In fact, Mary did despatch a messenger to Edinburgh to mount a rescue, but he was a messenger who had just heard his queen order that no violence should be used, and his efforts were formal rather than effective. Bothwell knew that his star was
only in the ascendant as long as he held the reins of power and that Mary was ‘a feather for each wind that blows’. She had resisted Lethington’s plea to marry and he had therefore decided to take the initiative by the means best suited to a Border bandit – kidnap. Mary had been genuinely taken by surprise but she had seen maidens being rescued and carried off by their knights from the terraces of Chambord and here, perhaps, at last was her Amadis. However, Bothwell’s role as a knight in shining armour was more than a little tarnished.
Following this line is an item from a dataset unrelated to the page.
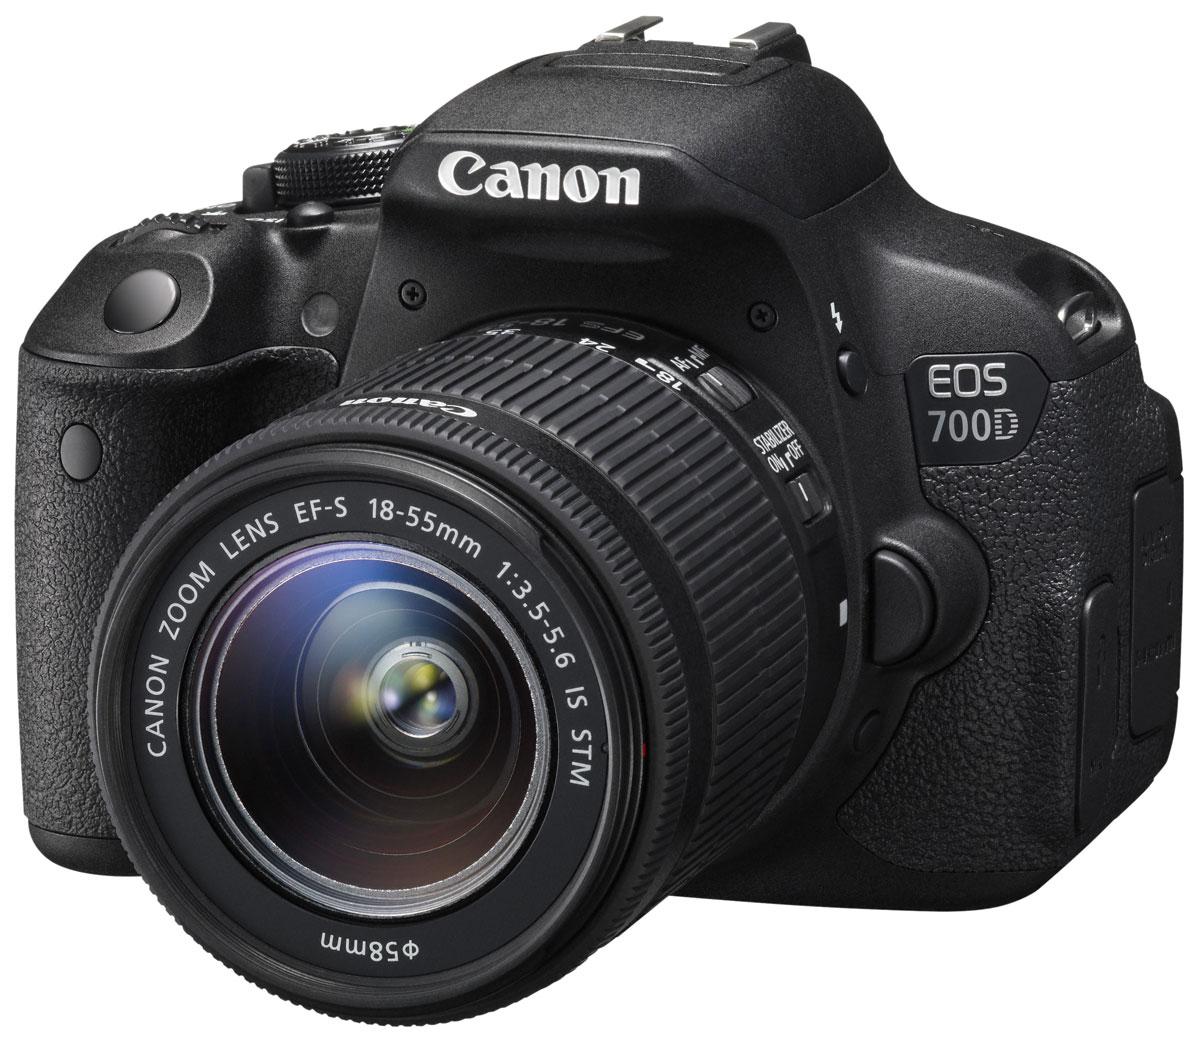 Canon EOS 700D Kit EF-S 18-55 IS STM цифровая зеркальная фотокамера

The common presumption is that Bothwell’s first action on his return to Dunbar was to rape Mary, but the
Diurnal
says quite precisely that he ‘ravished her and took her to his castle’. Now, it is impossible that he raped her in front of the entire party at Cramond, but in the sixteenth century to ‘ravish’ simply meant to ‘seize’, and Mary, her head spinning with the romance of it all, may have consented easily to sexual intercourse at Dunbar. Whatever occurred, by the end of that month Mary was pregnant by Bothwell.
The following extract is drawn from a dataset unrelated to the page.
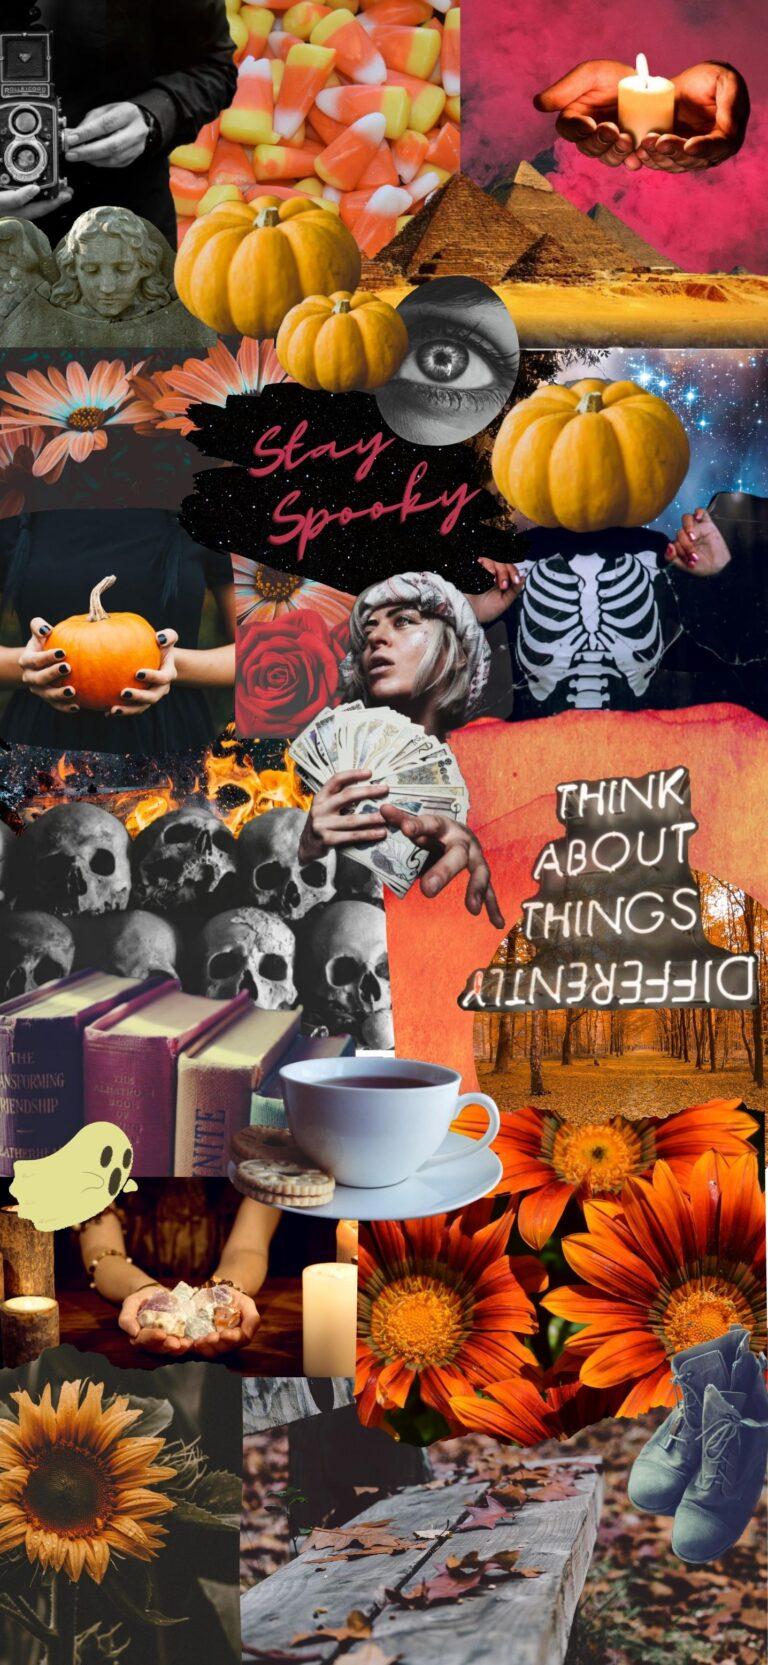 R.L. Stine on Goosebumps: Haunted Halloween, the

With Mary safely in Dunbar his next move was to marry her. Since she had been dishonoured by him she would have had no choice, but first he had to divorce Lady Jean Gordon. He rode to Edinburgh on 26 April to file for a divorce. With admirable thoroughness Bothwell cited his illicit rendezvous with Bessie Crawford in the church tower at Haddington as evidence of adultery, while at the same time lodging a request for an annulment on the grounds of consanguinity before the court of the Archbishop of St Andrews. Thus his divorce would have legality in both civil and canon law. No one contested the divorce and the decree annulling the marriage was granted on 7 May. The long-term effect of this cynical act would be to disengage Huntly, Lady Jean’s brother, from Bothwell’s supporters. Oddly enough, the Catholic Bishop of Ross, a one-time ally of the Huntlies, proved his skill as a diplomat by managing to remain a friend of Bothwell’s, possibly since he was reputedly able to out-drink the Border lord.